Catte, allez viens on s’en va.

Catte

Tu veux rire !

Beatrice

Donna Sgualda, pourquoi n’iriez-vous pas vendre vos fripes et vos fanfreluches ?

Sgualda

Je me repose, Lustrissime. Aujourd’hui, j’ai de quoi bouffer, du coup, j’me roule les pouces.

Eleonora

Vous aussi ? Pas de lessive aujourd’hui ?

Catte

Non, mais vous inquiétez pas. Vos chemises de trois sous seront lavées !

Eleonora

Voulez-vous vous taire, insolente !

Catte

Sgualda, Sgualda, j’ai les fers qui chauffent !

Eleonora

En voilà assez, chère petite Checca, vous m’avez invitée à votre mariage et moi votre voisine, comme j’apprécie Beppo, le fils de mon régisseur, je suis venue ; mais je refuse de me commettre avec cette race de mégères.

Checchina

Chère Lustrissime, s’il vous plaît, restez.

Catte

Eh Sgualda ! Pousse-toi, tu vas infecter la dame !

Sgualda

Ma chérie, t’es vraiment folle !

Elles s’éloignent un peu.

Beatrice

Nous, nous sommes là pour faire plaisir à Checchina alors s’il vous plaît un peu de tenue.

Sgualda

Madame me parle à moi ?

Beatrice

Oui, à vous.

Sgualda

Catte, la dame me parle.

Catte

Eh ben, réponds-y !

Checchina

Voulez-vous bien vous taire !

Catte

Oh, r’garde ! V’là le futur !

Checchina

Il est avec mon père et monsieur mon parrain.

Scène 2

Pantalon, Patron Toni, Beppo et les mêmes.

Patron Toni

Noces, noces, Checca, ma fille, réjouissons-nous !

Sgualda

Oui ! Vive les noces sans dragée !

Pantalon

Ma filleule, tu es mon bonheur.

Checchina

Merci parrain.

Catte

M’sieur le parrain, c’est pour quand ces noces ?

Pantalon

Ce soir même.

Catte

Parce qu’on a le gosier sec.

Pantalon

On vous le rafraîchira.

Patron Toni

Alors, le fiancé, approche ! Tu ne regardes pas ta promise ?

Beppo

Je suis un peu perdu au milieu de toutes ces femmes.

Patron Toni

Tu as peur de ne pas reconnaître la tienne ? Tu ne peux pas te tromper.
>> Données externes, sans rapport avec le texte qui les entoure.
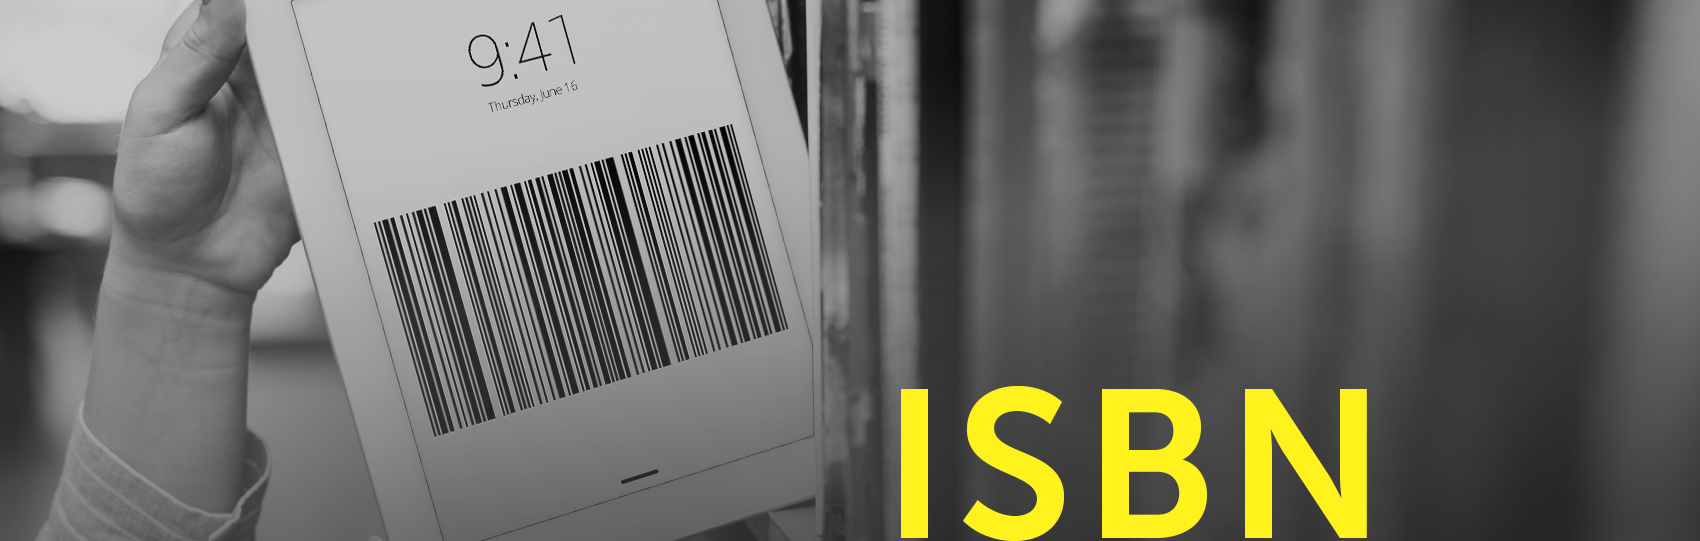 ISBN в електронних книгах

C’est la plus jeune et la plus jolie.

Catte

La plus jeune, non.

Sgualda

La plus jolie non plus.

Beppo

Jeune, vieille, belle ou vilaine, si on me faisait un peu de place, je m’assoirais bien à côté d’elle.

Pantalon

Et tu aurais raison. Le promis doit être à côté de sa belle. S’il vous plaît, décalez-vous un peu.

Eleonora

Je veux bien, encore faudrait-il que cette femme se poussât.

Catte

C’est c’la, mais « cette femme-là » elle s’poussera pas.

Beatrice

Bon allez, Checca, asseyez-vous sur ma chaise, Donna Sgualda me donnera la sienne et en prendra une autre.

Sgualda

Vous voulez que je me mette là, pourquoi vous y allez pas, vous ?

Pantalon

Bon s’il vous plaît mesdames, il faut laisser la place à qui la mérite.

Sgualda

À qui la mérite ? Eh ben, si je la mérite pas la place, j’en veux pas ! Cousine, à la revoyure ! (Elle se lève.)

Checchina

Voyons, où allez-vous ?

Sgualda

T’as pas entendu ? Je cède ma place à qui la mérite. Monsieur ton parrain ordonne et toi tu la boucles ; ça se voit que tu sais pas d’où tu viens…

Patron Toni

Quoi ? Qu’est-ce que vous sous-entendez ?

Sgualda

Je me comprends, c’est le principal. Je cède la place au mérite. Dame, posez donc votre Lustrissime croupion. Quant à toi, Checca, m’invite plus jamais. Chez toi, j’y foutrai plus ni le pied ni le reste ! À moi, une femme distinguée, me faire ce putain d’affront ! Ah on préfère une étrangère à sa propre cousine ! Allez crever tous autant que vous êtes : père gaga, fille idiote, parrain rapiat, fiancé sans un, et Lustrissime au rabais. (Elle sort.)

Beatrice

Je ne pense pas m’avancer trop en disant que cette fille est dérangée.

Catte

C’est vrai, chère madame, mais même dérangée, elle a plus de cervelle que vous.

Eleonora

Comment me parlez-vous ?

Catte

Avec la bouche !

Eleonora

Cela suffit. Je m’en vais. Demeurer est incompatible avec ma dignité. Jolie fiancée, adieu. Je ne souhaite pas rester en présence de cette femme vulgaire. (Elle sort.)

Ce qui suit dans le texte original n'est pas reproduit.